You can also play tricks with the virtualization hardware, bit it need kernel support.

Eventually we will get segments back again.

MarkSweep•10mo ago
That would be pretty cool. Something like the Win32 function GetWriteWatch, but implemented in hardware instead of the page fault handler (I assume).

https://learn.microsoft.com/en-us/windows/win32/api/memoryap...

Or some sort of special write barrier store op-code, idk.

mike_hearn•10mo ago
It exists, that's called MPKs.
twoodfin•10mo ago
I don’t think MPK’s will fit the need I have. Simply: Run some arbitrary, untrusted, non-sandboxed code in the same thread with assurance it can’t read page X. When that code completes and I’m back in code I trust, X is readable again.
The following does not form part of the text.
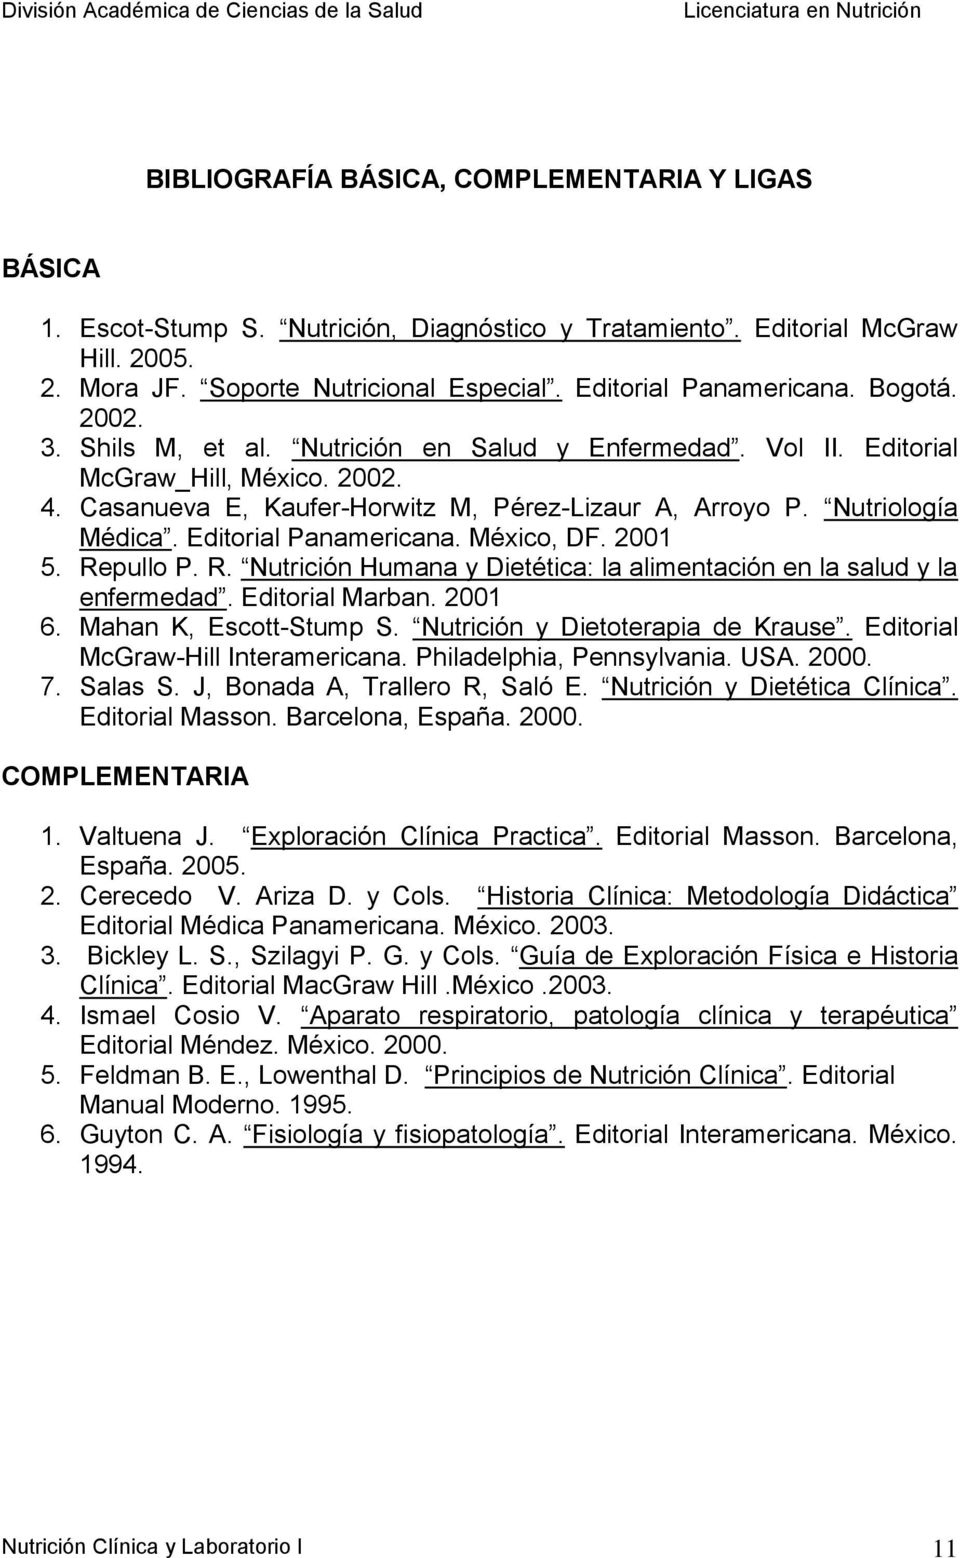 Nutriología Médica. Editorial Panamericana. México, DF. 2001 5. Repullo P. R. Nutrición Humana y Dietética: la alimentación en la salud y la enfermedad. Editorial Marban. 2001 6.

Is that something MPK makes possible? The doc I’ve read suggests either your process can flip permission bits or it can’t. Great for avoiding out-of-sandbox reads. But if there’s arbitrary execution happening, why can’t that code flip the access to secrets back on?

mike_hearn•10mo ago
Oracle Labs has tech that does that:

https://youtu.be/T05FI93MBI8?si=EieFgujaGiW2gbO8&t=958

The trick is to do a cascading disassembly of all untrusted code you'll execute to prove it can't change the MPK register.

twoodfin•10mo ago
Wow. Neat trick and exactly the kind of thing I was looking for.

Thanks!

EDIT: Looks like this is the relevant paper from the Graal team: https://www.graalvm.org/resources/articles/binsweep.pdf

jdougan•10mo ago
Is that something like the memory protection scheme on the Newton OS?
nyanpasu64•10mo ago
Isn't not swapping page tables during a call precisely what the KPTI mitigations had to turn off for Meltdown mitigations?